Over the years I've had users of the various platforms contact and tell me how unique my music is, and even Mike Pace said perhaps my music isn't really suited for the usual RF markets. And I agree! I'm not the greatest producer though. But I think people forgive that if you have something unique to say. But enough about me. I will say that about anyone else with good musical talent. Why not consider your own licensing website?
And just as the music industry is evolving, so is the website building industry. There are more affordable ways of getting a website built these days (and not just one you build yourself). Dare I say, a monthly payment plan? Would I be a hypocrite?


----------



## Bluemount Score (Jan 16, 2020)

I must admit, after reading this complete thread, for me it has been one of the most insightful and interesting discussions in this forum.


----------



## Alex Fraser (Jan 16, 2020)

Sibelius19 said:


> Why not consider your own licensing website?

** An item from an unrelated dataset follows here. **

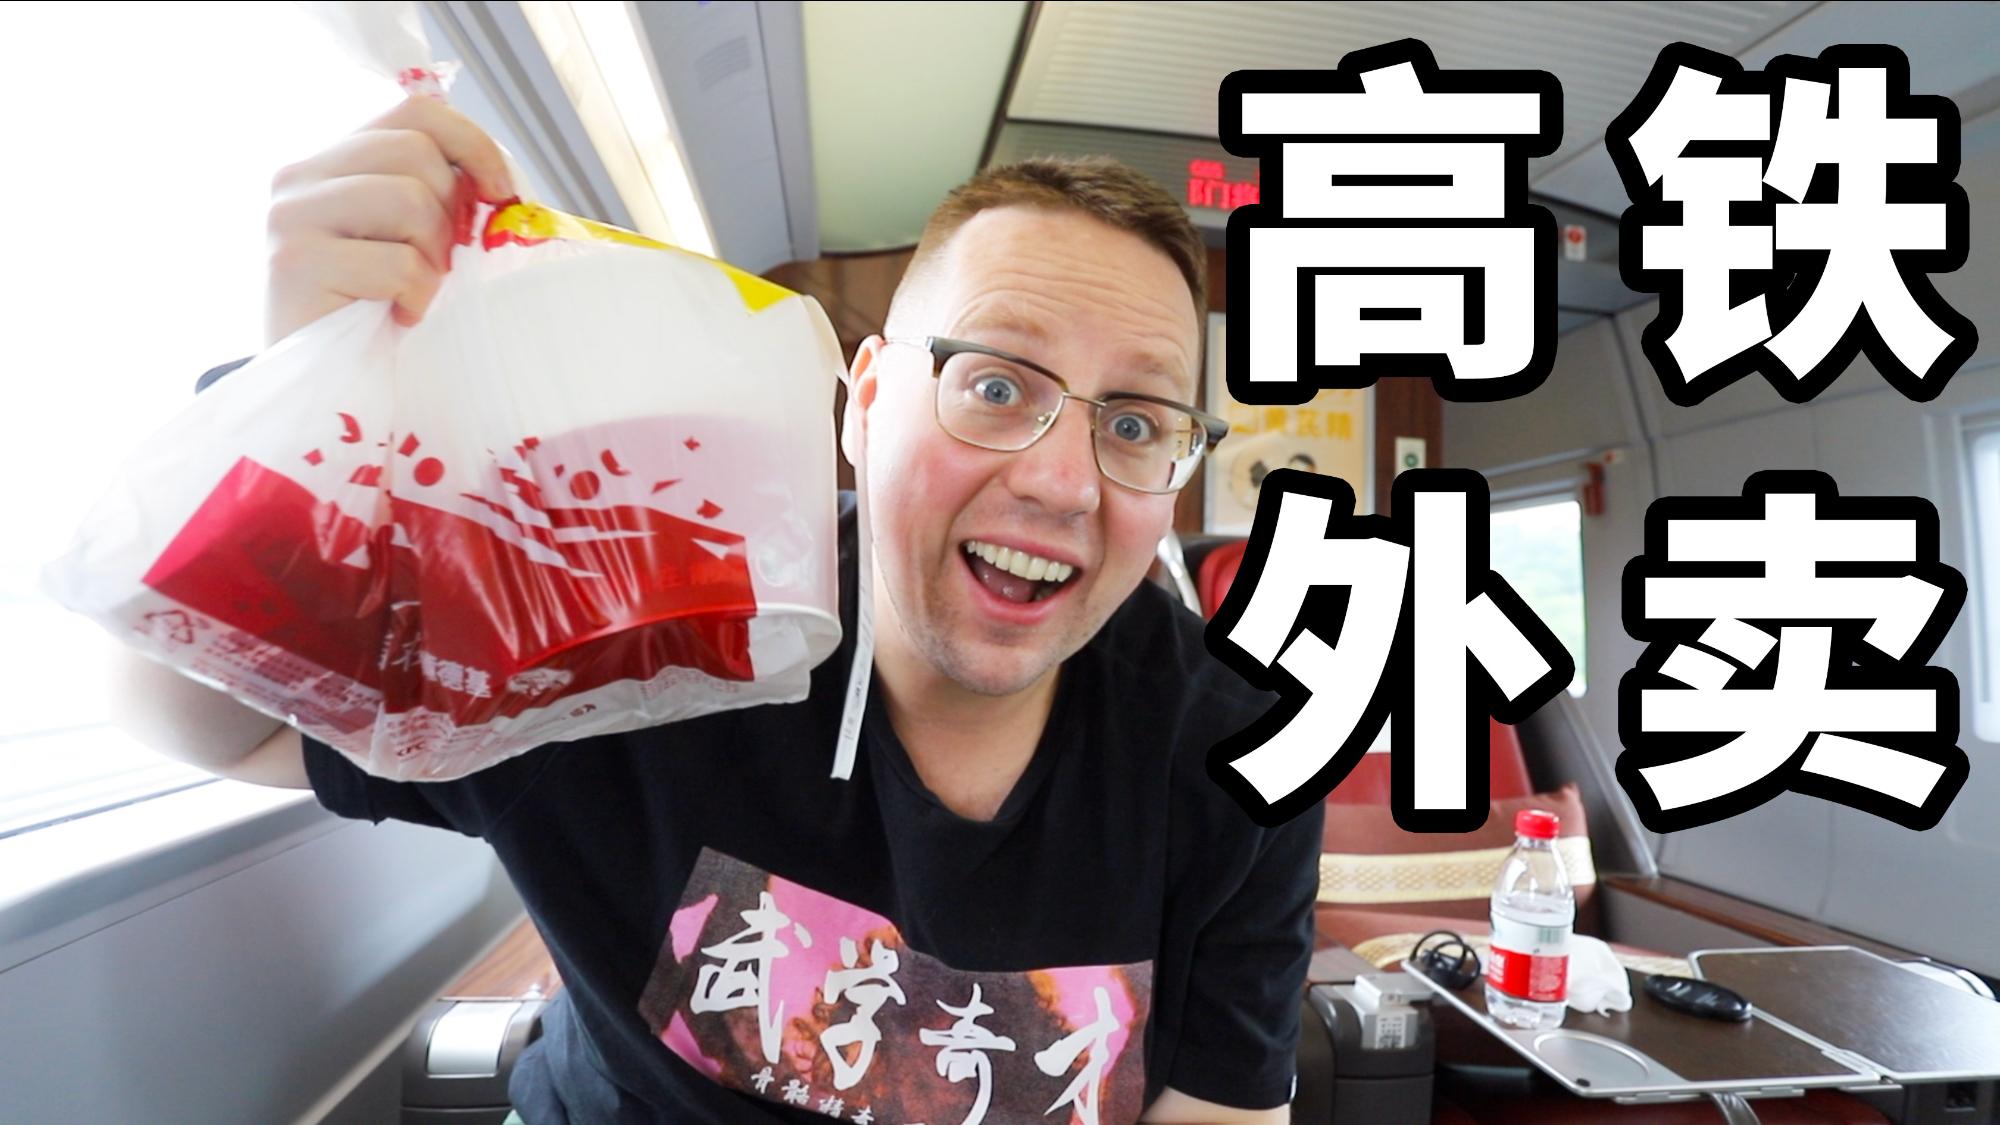 在中国的高铁上居然还能点外卖!?没想到他们的送餐方式竟然是。。。

I did - 12 years ago and it's done just about OK! But yet again, the market has got more saturated since.

The main advantage of doing it yourself is that you can _market your work._ Email lists, social media. You know the drill. It means you're in control instead of posting and hoping. It's not for everyone though. The folks who make a real success of it (far more than me) spend most of the time marketing rather than composing.

I know there's a couple of other peeps on the forum who have gone in a similar direction.


----------



## Bullersten (Jan 16, 2020)

Since the demand for music for video/TV is high, I only see 2 possibilities:

Targeting a high number of placements as an anonymous artist i.e. going for daily uploads of short tracks with clear emotional signature. The more tracks submitted, the higher the chances of one going viral.
Creating a high quality, innovative body of work that can be presented to Film/TV production companies in the hope of getting an assignment in their next project. The more companies contacted, the higher the chance of one accepting the offer.
Either way, there is a lot of work involved and clearly no guarantees.


----------



## Kyle Preston (Jan 16, 2020)

CGR said:


> VI Control member @Kyle Preston has numerous tracks (of a high quality I might add) with this service. Kyle, I'm interested in your experience with them, and your thought processes which led to your decision to sign up as an artist with them.




Thank you for the kind words @CGR .

I have my work in 41 libraries, a few exclusive, most non, so I'm not saying this naively -- Artlist has been by _far_ the best. Undoubtedly, my opinion is biased so take it with a grain of salt. 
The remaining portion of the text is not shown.